Вошли на крыльцо, где отсутствовала одна из половиц, а остальные шатались, потом на захламлённую веранду, из неё — в бревенчатый дом. Белёная печка, что-то вроде кухни, в которой, впрочем, отсутствовала почти вся посуда: вероятно, растащили бомжи. Замки и любые запоры тоже отсутствовали: скорее всего, их выломали те же бомжи. По счастью, эта публика книгами не интересуется, вот они и сохранились.
Яга привела их в маленькую комнатку, где к окну был приделан навесной самодельный столик, покрытый древней клеёнкой в голубой ромбик. А рядом стоял стеллаж, тоже самодельный, полный книг. Свет не горел, поскольку Федька Смурной давно обрезал провода, а через немытое окно проникало очень мало света. Однако у старухи нашёлся фонарь, которым она любезно осветила стеллаж. Богдан принялся с увлечением копаться в книгах.
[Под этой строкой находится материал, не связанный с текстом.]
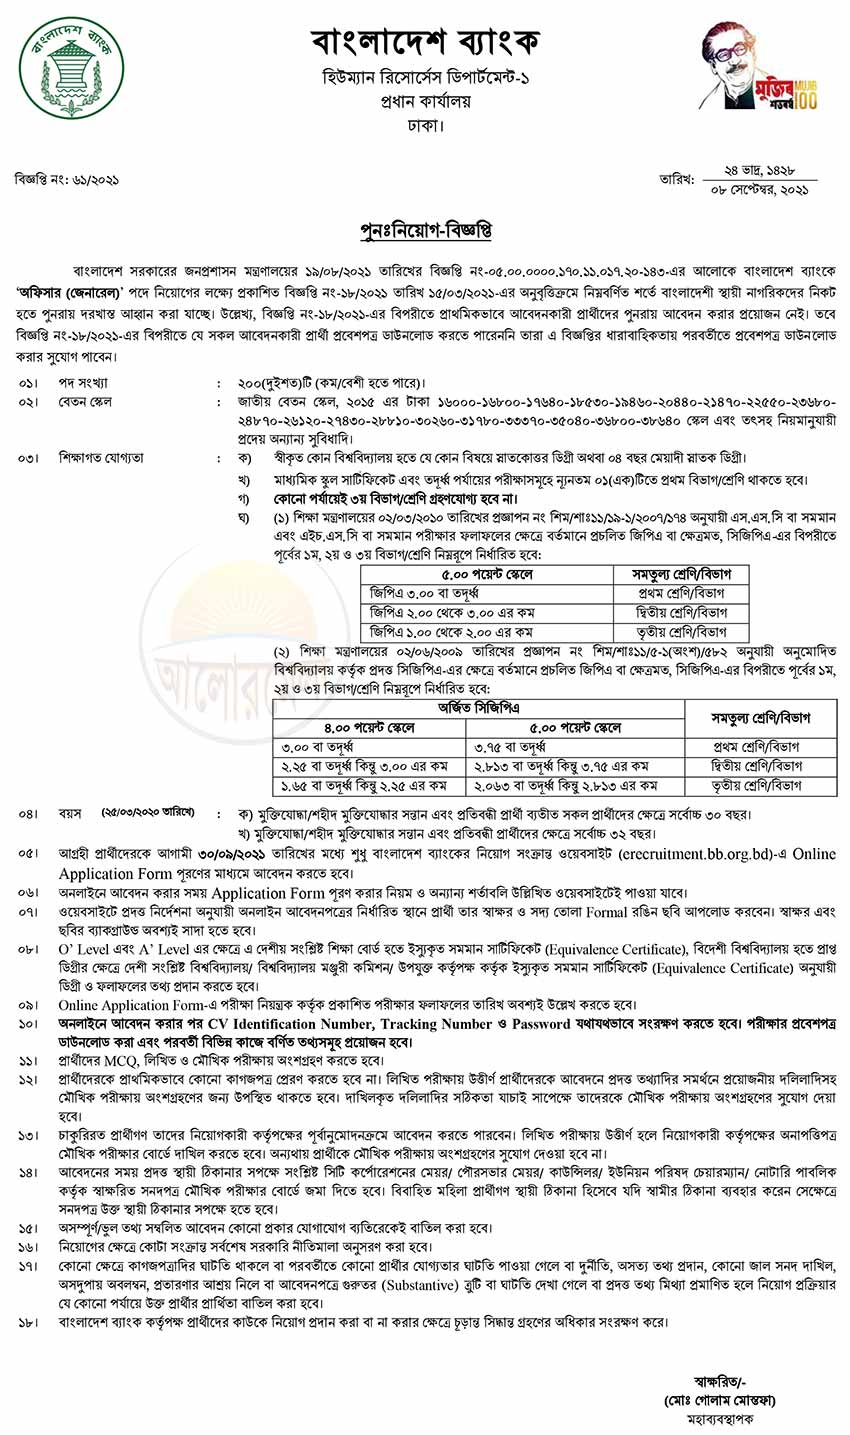 Bangladesh Bank Officer Job Circular 2021 new

Вытащил сказки братьев Гримм с картинками, напечатанные в XIX веке, действительно, готическим шрифтом. «Фауст». А вот пять книг Ремарка.
— О! Вот мне чтение на вечер, — обрадовался Богдан.
— Вы умеете читать по-немецки? — подозрительно спросила старуха.
— Да, немного, — скромно ответил Богдан. — Ремарк — это довольно простое чтение.
А вот тот самый учебник, написанный, как я понимаю, Вашей бабушкой.
— Антонина Георгиевна, — обратился он к Бабе Яге. — Если Вам не нужны эти книги, продайте их мне. У Вас они в ближайшее время пропадут от влаги, от перепада температур, а у меня сохранятся. Давайте прямо сейчас посмотрим в интернете, сколько стоят такие книжки, и я куплю у Вас вот эти семь книг.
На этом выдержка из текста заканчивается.